Behavior changes are useful tools for the recognition and evaluation of pain in animals.28 Cattle are a species in which concealment of vulnerability and weakness seems to be adaptive.29 However, some signs and attitudes, even if subtle, may be used to detect pain.1,6,7,28

The purpose of the study reported here was to compare the efficacy of flunixin meglumine versus carprofen in controlling pain under field conditions following castration by use of an external clamping technique in calves that also received epidural anesthesia for castration. We investigated whether increases in plasma cortisol concentration, reluctance to approach the feed trough, and pain-related behaviors are elicited by daily movements of 5- to 6-month-old calves at 6, 24, and 48 hours after castration and compared the efficacy of 2 NSAIDs with different half-lives. We also evaluated the efficacy of epidural anesthesia with lidocaine in reducing the pain reaction to external clamping of the spermatic cord.

Materials and Methods

Animal housing and management—The study was conducted in a Holstein-Friesian farm that is used for the fattening period. Calves are bought at dairy farms at 8 to 15 days of age, milk fed and weaned at 2 months of age at another farm, and then transported at 4 months of age to the fattening farm. Castration in this unit is performed on all calves between the ages of 5 and 6 months. Calves entering the farm are usually grouped by age and size in 2-hectare, outdoor, sandy-soiled paddocks. Pine trees provide shade. Food is distributed once a day (10 AM) and consists of a total-mixed ration of wheat straw and concentrate (corn, soybean meal, and barley). As a rule, most calves are already near the feed trough when food is delivered.
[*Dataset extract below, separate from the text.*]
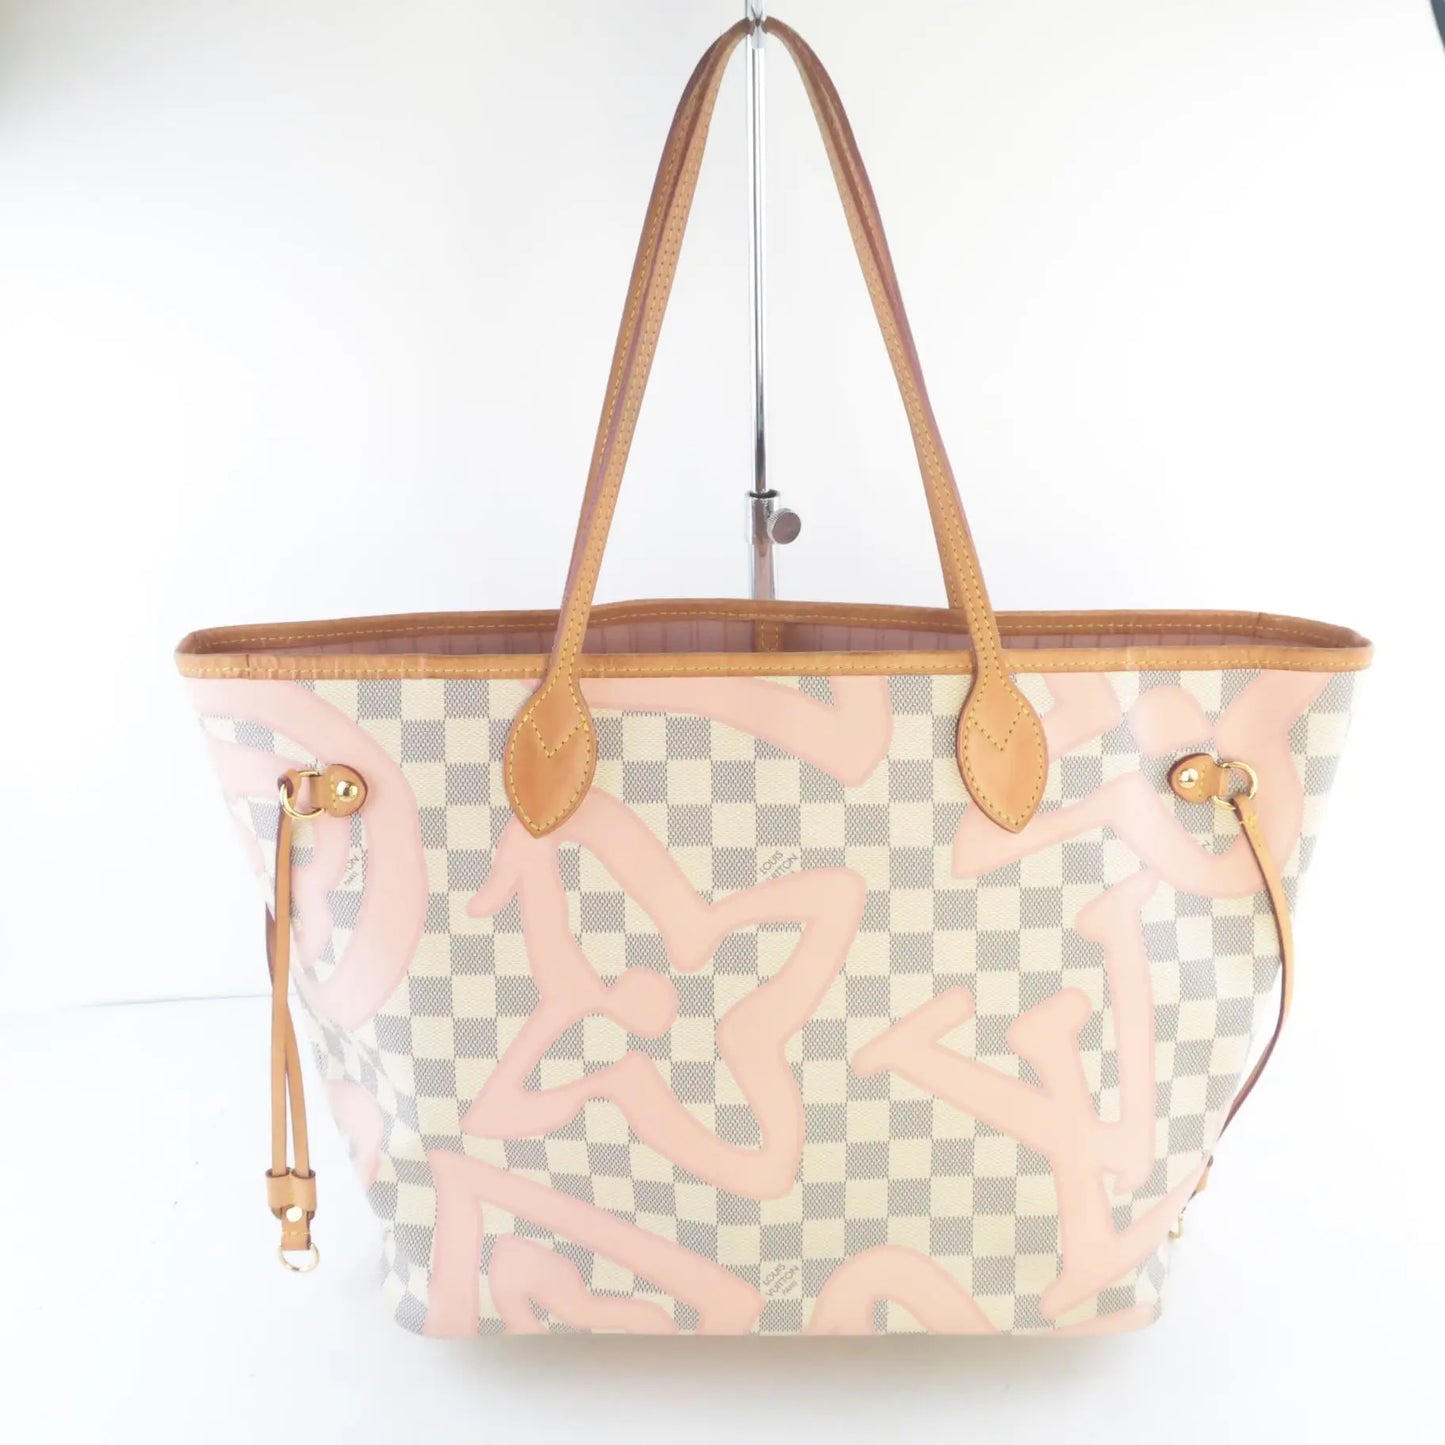 Louis Vuitton Damier Azur Tahitienne Neverfull Bag Tote MM LE at

Experimental procedures—Forty calves with a mean age of 173 ± 11 days and an estimated weight of 180 kg were taken 2 days before the study began from the large paddocks and placed in a smaller pen with an adjacent chute. The feed trough area was large enough for all calves to access. Water was permanently available. Weather conditions during the study were dry with mild temperatures (22° to 26°C). The day before castration, calves were moved once through the race and chute to reduce the effect of novelty on the study.

This study was approved by the Committee of the Interdisciplinary Centre of Research in Animal Health of the Lisbon Veterinary Faculty, which is responsible for approving studies that involve experiments with animals. The study was performed on a farm that does not use anesthesia or analgesia for castration by use of an external clamping technique in 5- to 6-month-old calves. Owner consent was obtained from the farmer before the start of the study. At the conclusion of the study, results obtained were useful in convincing the farmer to use anesthesia and analgesia for calves undergoing castration.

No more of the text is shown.